Also alleged is that the defendants devised and intended to devise a scheme and artifice to defraud and to obtain money by means of false and fraudulent pretenses, representations and promises; and that the defendants did knowingly cause to be delivered by mail certain matters for the purpose of executing and attempting to execute the scheme to defraud.1
The scheme, according to the allegations in the indictment, was to make false representations to customers and prospective customers, such as that Constitution Mint had a one million dollar performance bond which would insure all of its customers against financial loss; that the corporation had an inventory of silver sufficient to cover all orders purchased by customers; that the corporation, Constitution Mint, was financially solid, stable and reliable; that the corporation had obtained one of the richest mining districts on record containing several billion ounces of silver and gold. The scheme also included fraudulent failure to disclose to prospective customers:
1. That Constitution Mint, Inc. was only negotiating for the purchase of the one million dollar ($1,000,000) bond.
2. That the corporation did not have a silver inventory sufficient to cover customer purchases; that the corporation was in severe financial difficulty beginning in approximately January of 1974.
Counts Two through Fourteen describe specific transactions with named individuals describing individual sales in very substantial amounts of money and use of the mails for the execution of the several sales.
The pertinent elements, here, of a mail fraud violation are the devising, or intent to devise a scheme to defraud, or for obtaining money or property by means of false or fraudulent pretenses, and secondly, the placing in the mails of any mail matter for the purpose of executing such scheme or artifice.

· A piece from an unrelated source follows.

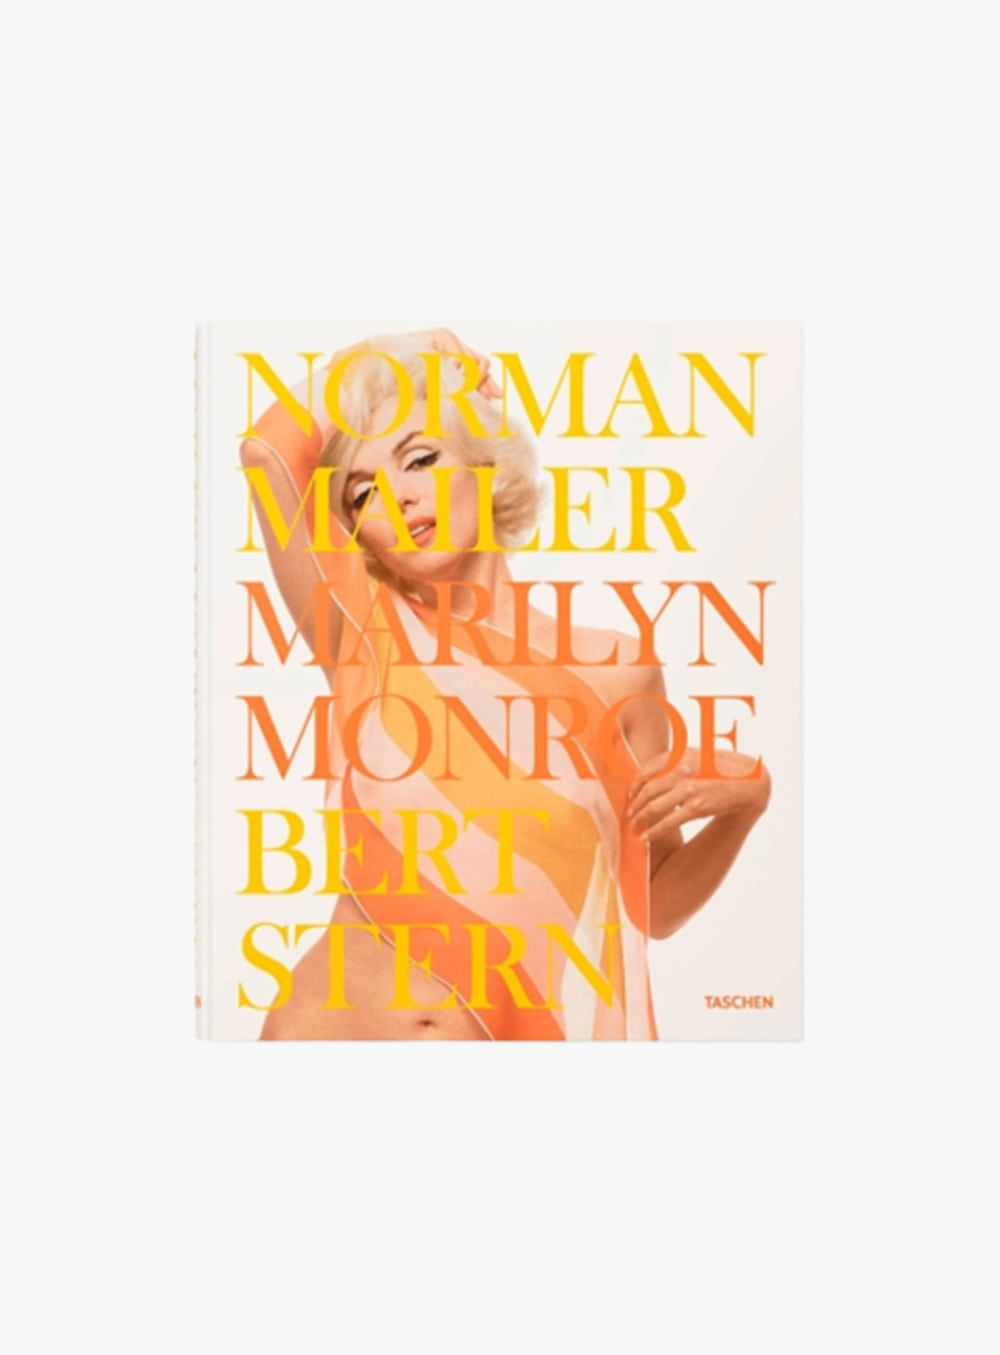 NEW MAGS - New mags marilyn monroe - norman mailer &amp; bert stern
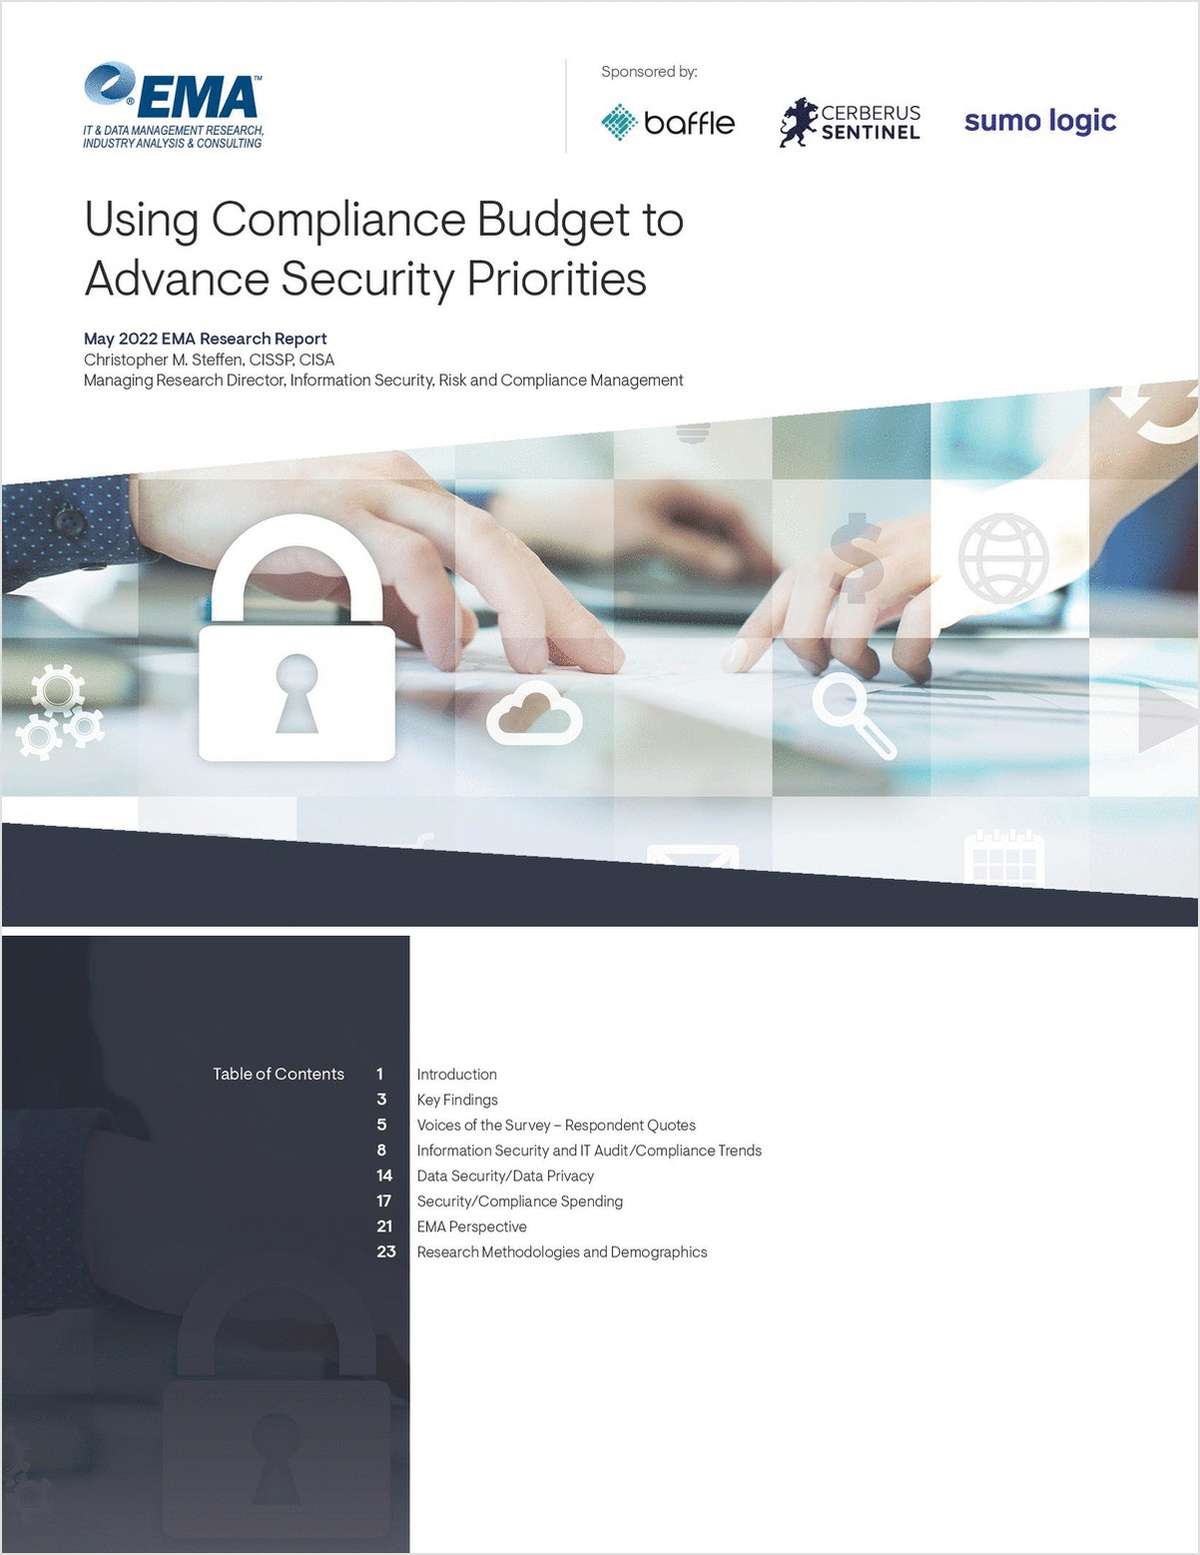 Using Compliance Budget to Advance Security Priorities

Failure to Deliver the Silver Following Sales
The individual defendants conducted business through Constitution Mint, Inc., a corporation. The business activities started in June 1973. Preston and Meaker were the principal corporate officers. Preston was president and chairman of the board; Meaker was initially responsible for marketing, and later became vice president responsible for developing the Mint's mining interests. Bromley took over the responsibility for marketing after joining the corporation in January 1974.
For a time after the commencement of the business until October 1973 there existed a system of inventory control which avoided the financial problems which developed after October. After that the corporation was selling silver and other products which it did not have in its inventory and did not have sufficient cash to obtain. The period of delay in delivery increased as replacements were not full and complete in terms of maintaining an inventory which allowed prompt delivery after the sale. First there was a seven or eight week delay in delivery of orders to retail customers and a shortage of about 80,000 ounces of silver which became apparent in December 1973 and early January 1974. When they discovered the shortage of silver, so the defendants say, the price had risen from about $2.00 an ounce to about $3.00 an ounce. Meanwhile the financial statement had been prepared for December which showed a profit based upon the continued selling of orders. Actually there was a deficit.
A substantial portion of the profits appearing in the December statement was distributed to the shareholders in the form of draws. In addition to the dividends, Preston and Meaker received salaries and refunds of cash contributions which they made in the corporation. There is testimony that Meaker and Preston were advised of the financial problems in December. About this time Preston left the corporation and started travelling around the country giving lectures on investment opportunities in silver. He was kept advised, however, during the next four months as to the company's activities.
In January 1974 a new financial statement was made which showed a deficit. The previous "first in first out" inventory control system was resumed, but a further loss was suffered as a result of dealing in the commodity futures market. An outside audit reported to the company in April 1974 showed that as of January 1974 there existed unfilled orders amounting to $2,750,000. At the same time the company had an inventory of $2,000,000 worth of silver. They continued to operate in the same manner, that is, they filled the orders that had existed in January 1974 but did so by using money from new orders, which new orders could not be filled. So their way of doing business was, so to speak, one of robbing Peter to pay Paul.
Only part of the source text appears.